The data Start Marker

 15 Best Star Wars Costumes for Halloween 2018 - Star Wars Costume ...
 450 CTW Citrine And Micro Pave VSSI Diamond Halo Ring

The data End Marker
The data Start Marker

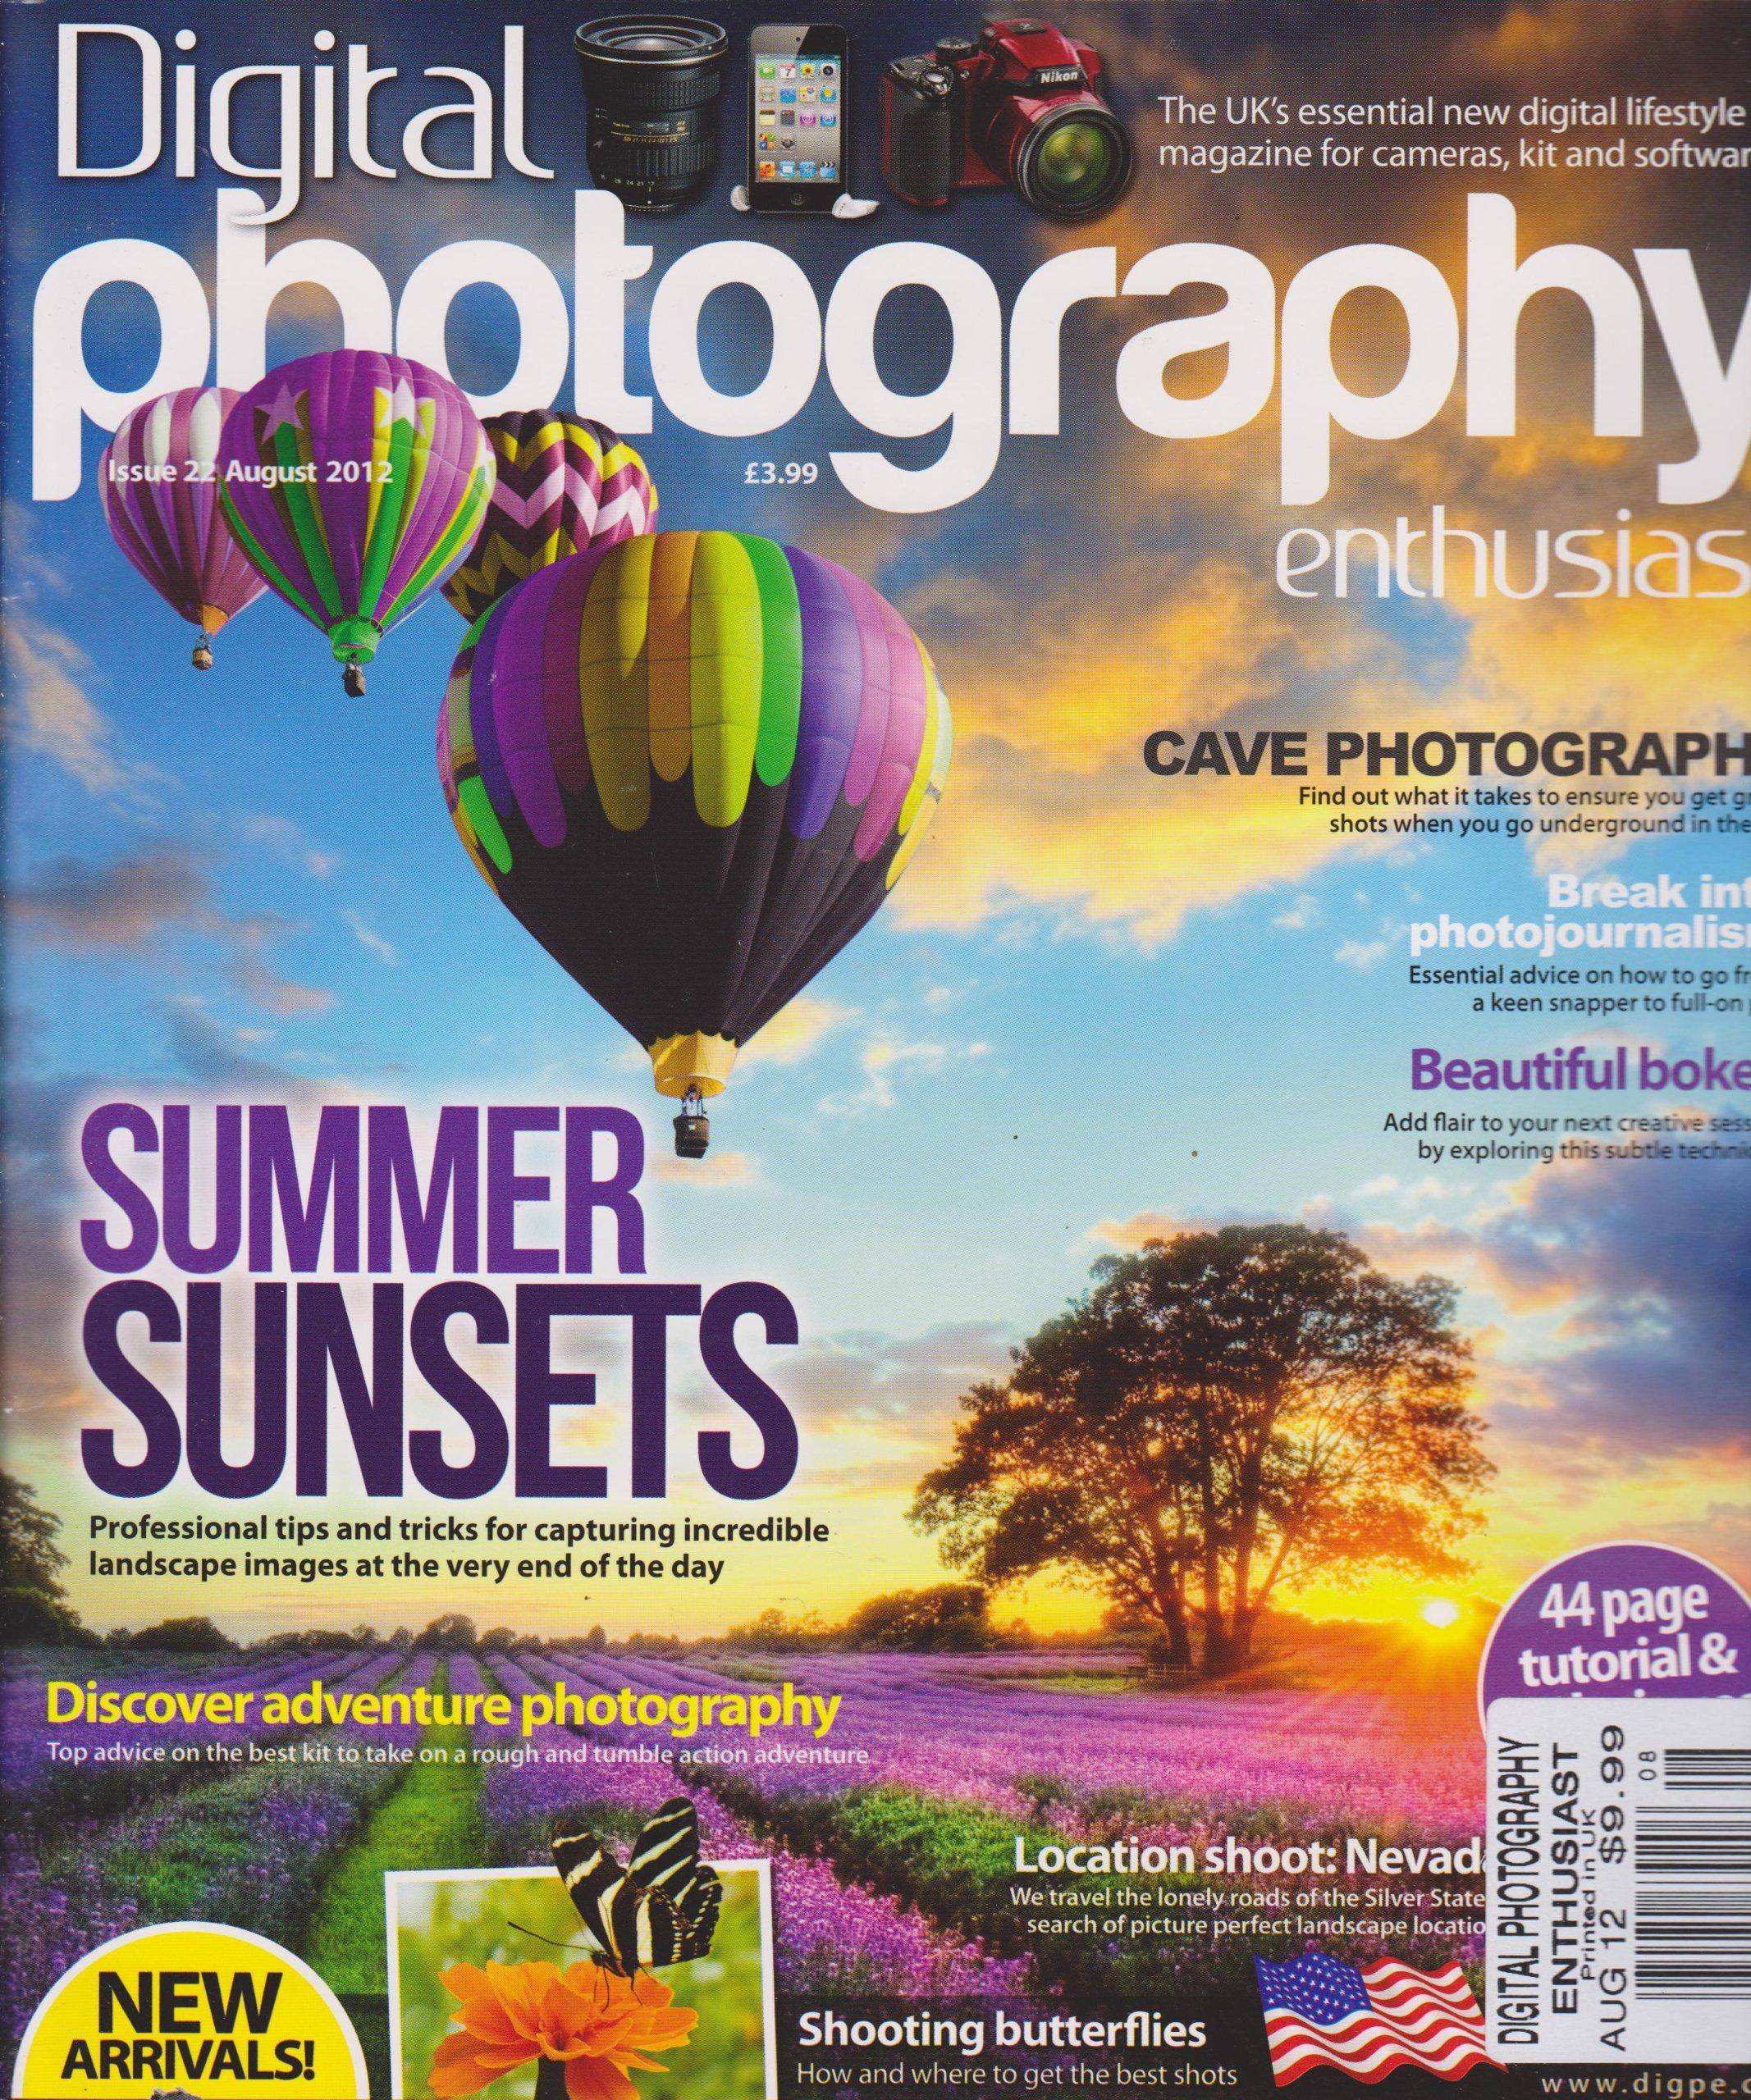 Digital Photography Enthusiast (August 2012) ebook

The data End Marker
The data Start Marker

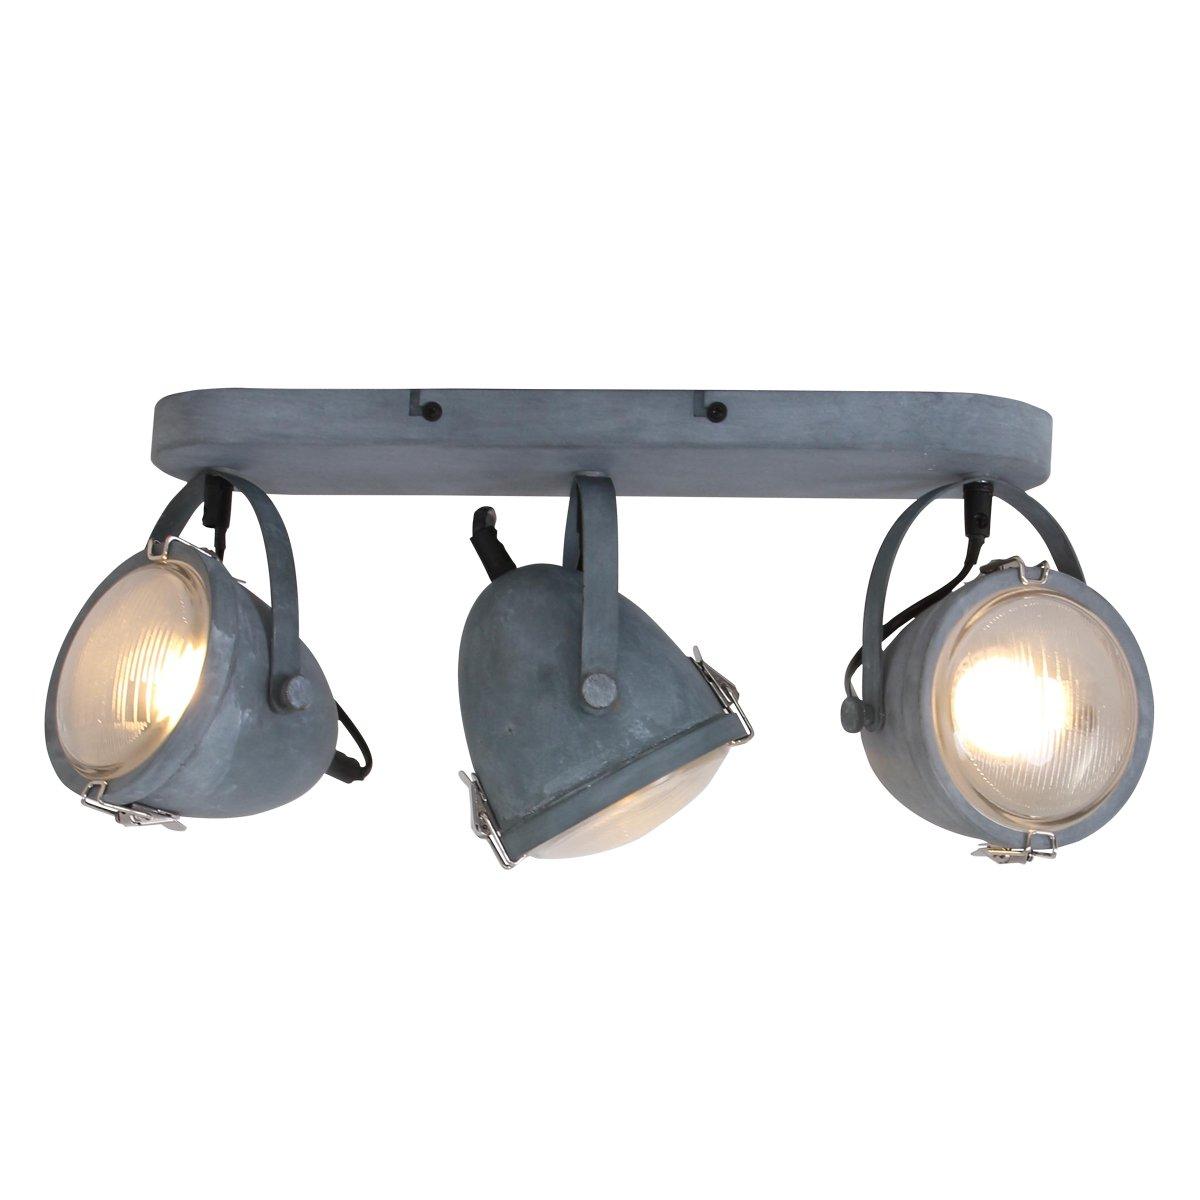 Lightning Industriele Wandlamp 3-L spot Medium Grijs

The data End Marker

> [Exercise goal]:
Exact duplication is required for the lines above, from the line that contains "15 Best Star" to the line that contains "450 CTW Citrine", inclusive; omit all others.

> [Answer]:
 15 Best Star Wars Costumes for Halloween 2018 - Star Wars Costume ...
 450 CTW Citrine And Micro Pave VSSI Diamond Halo Ring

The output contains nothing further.